Problem - Your task is to repeat all of the data exactly while excluding the pictures.

Exercise data -
•••••

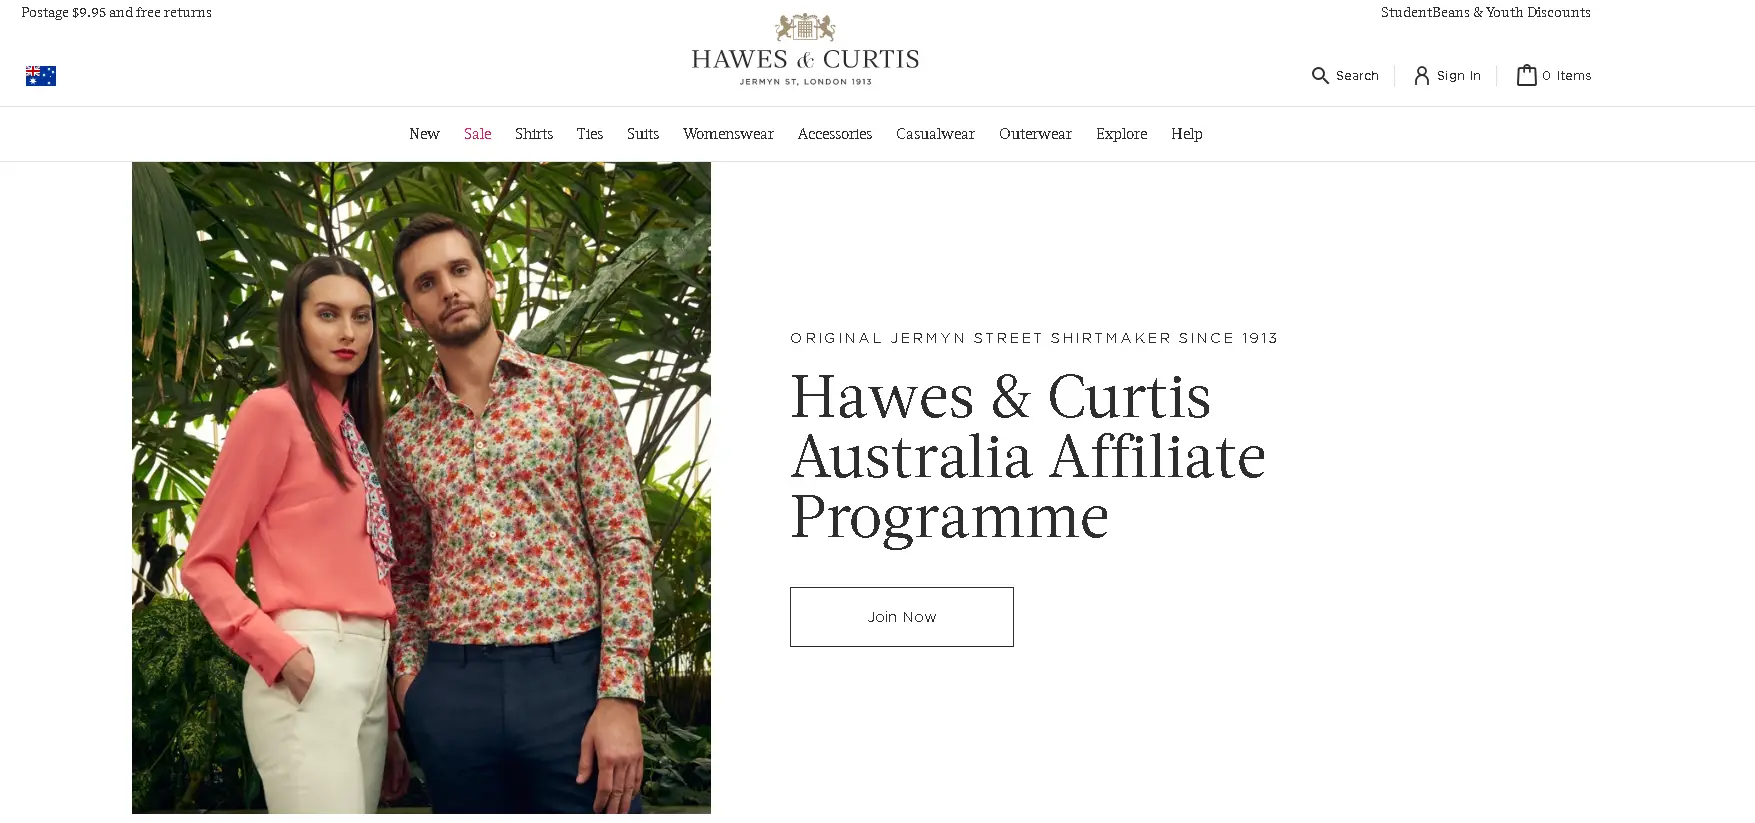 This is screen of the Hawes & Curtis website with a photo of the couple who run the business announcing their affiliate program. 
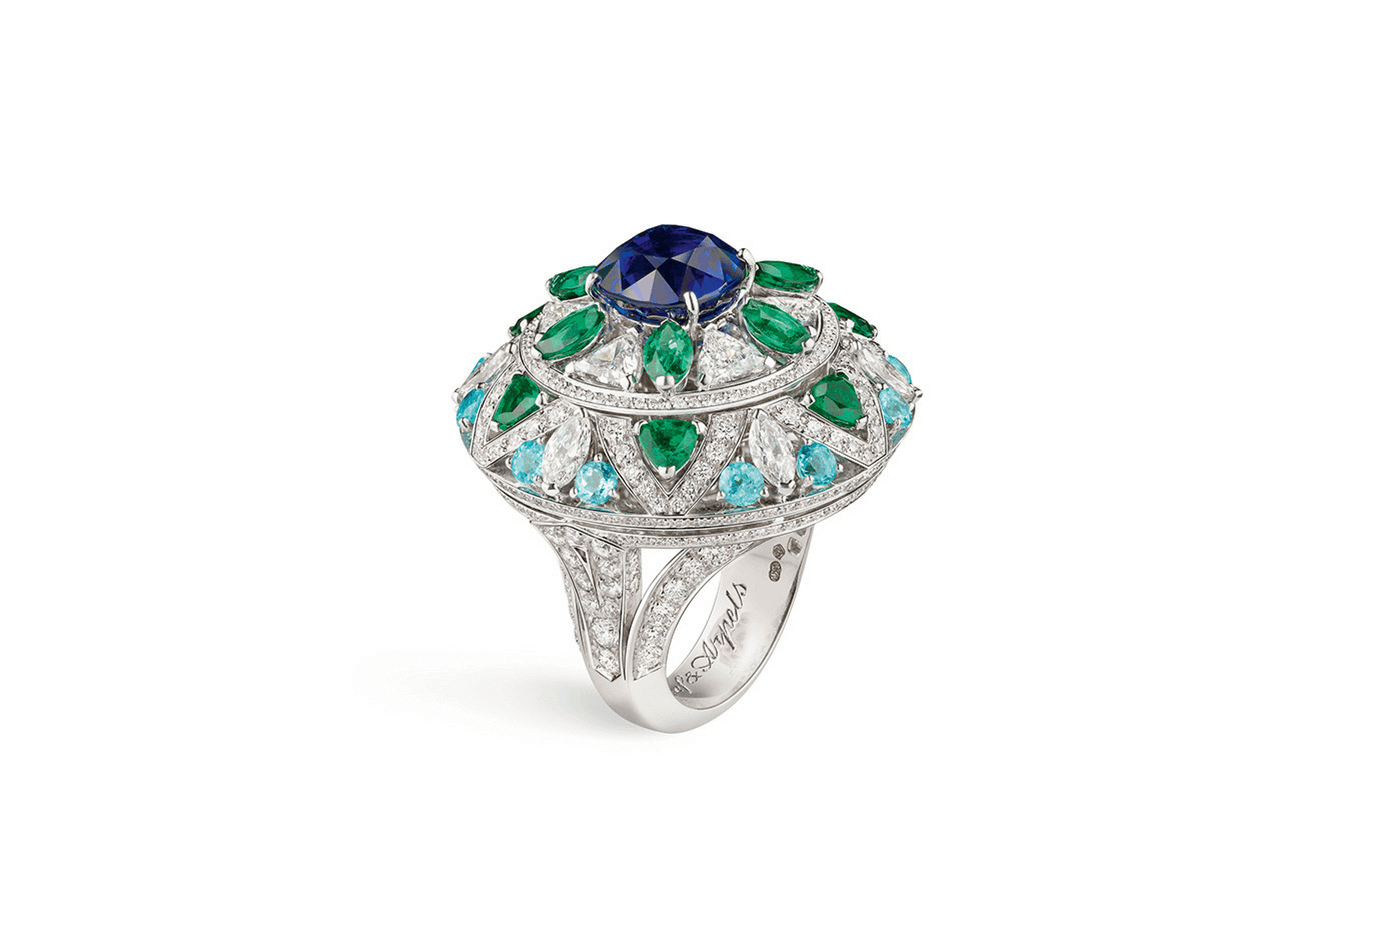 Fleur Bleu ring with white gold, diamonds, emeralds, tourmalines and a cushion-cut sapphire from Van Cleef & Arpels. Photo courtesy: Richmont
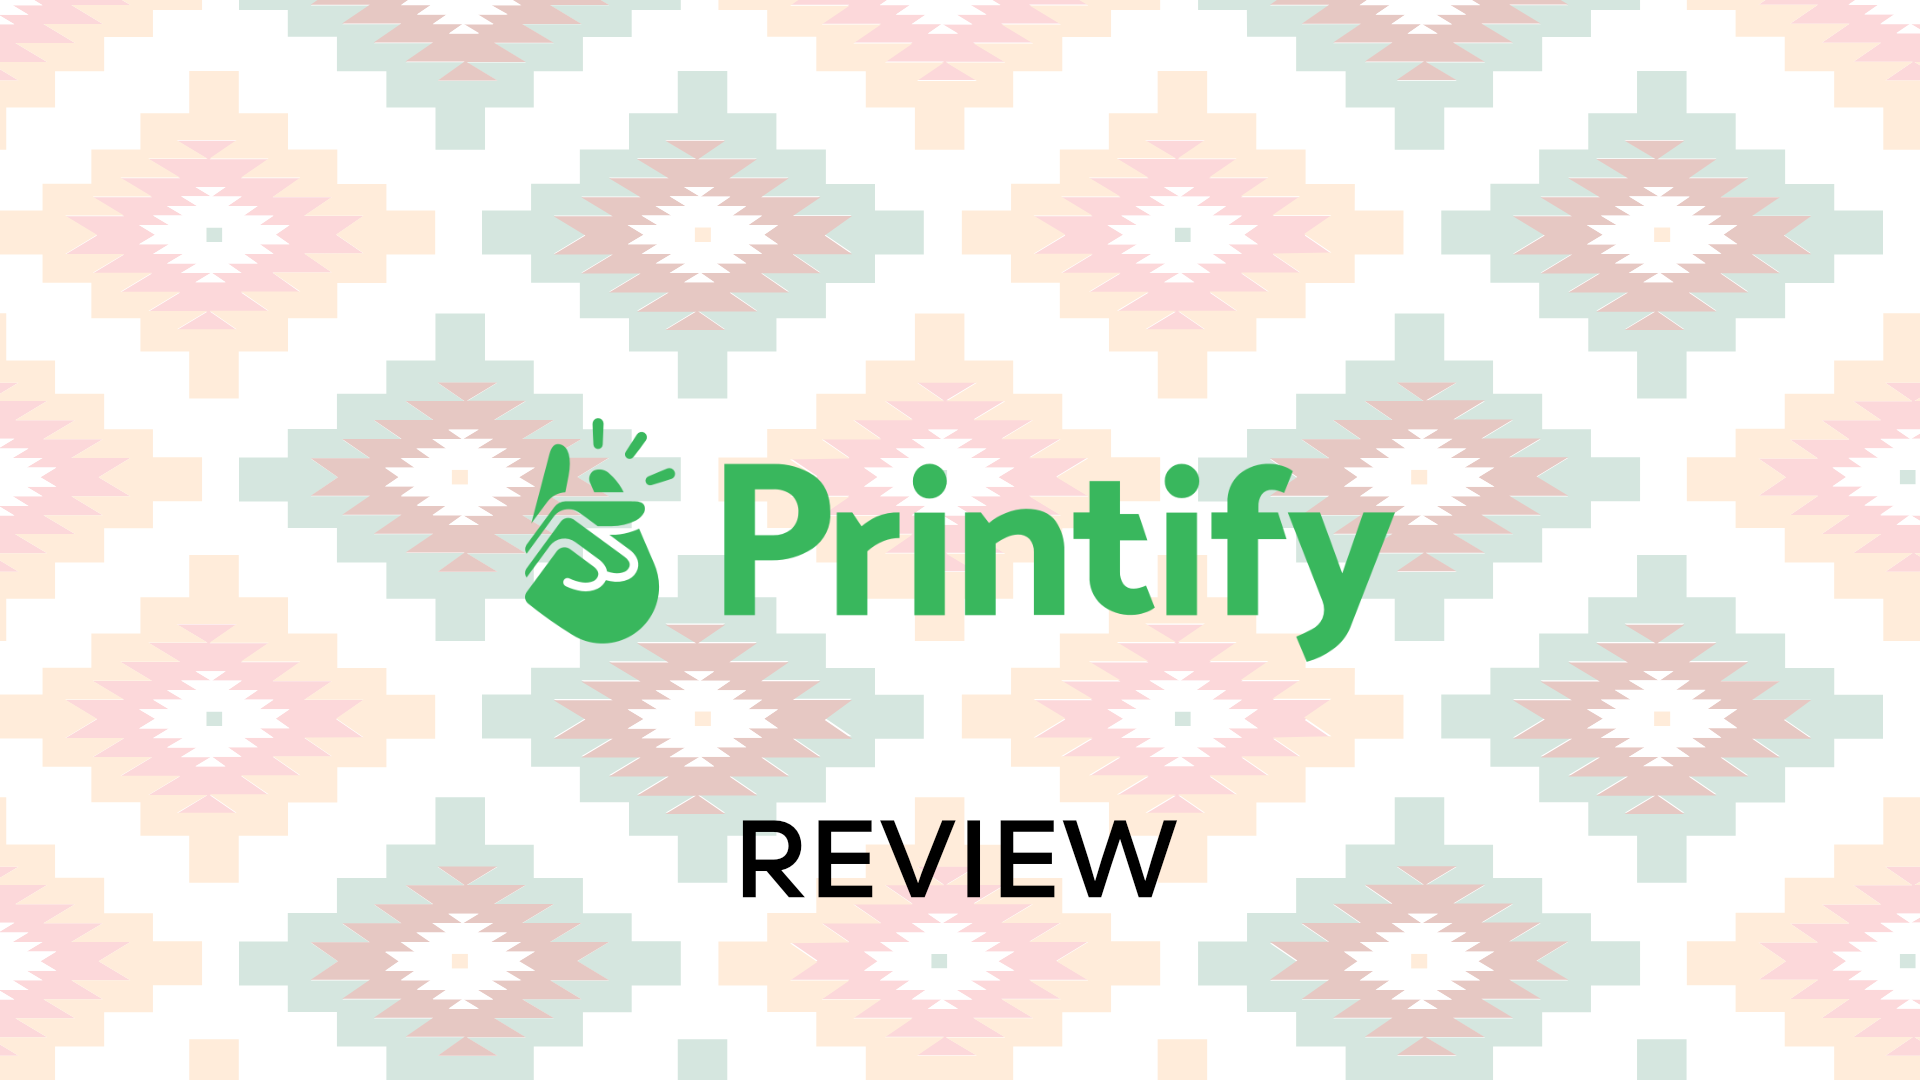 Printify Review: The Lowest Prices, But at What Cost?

•••••

Output -
 This is screen of the Hawes & Curtis website with a photo of the couple who run the business announcing their affiliate program. 
 Fleur Bleu ring with white gold, diamonds, emeralds, tourmalines and a cushion-cut sapphire from Van Cleef & Arpels. Photo courtesy: Richmont
 Printify Review: The Lowest Prices, But at What Cost?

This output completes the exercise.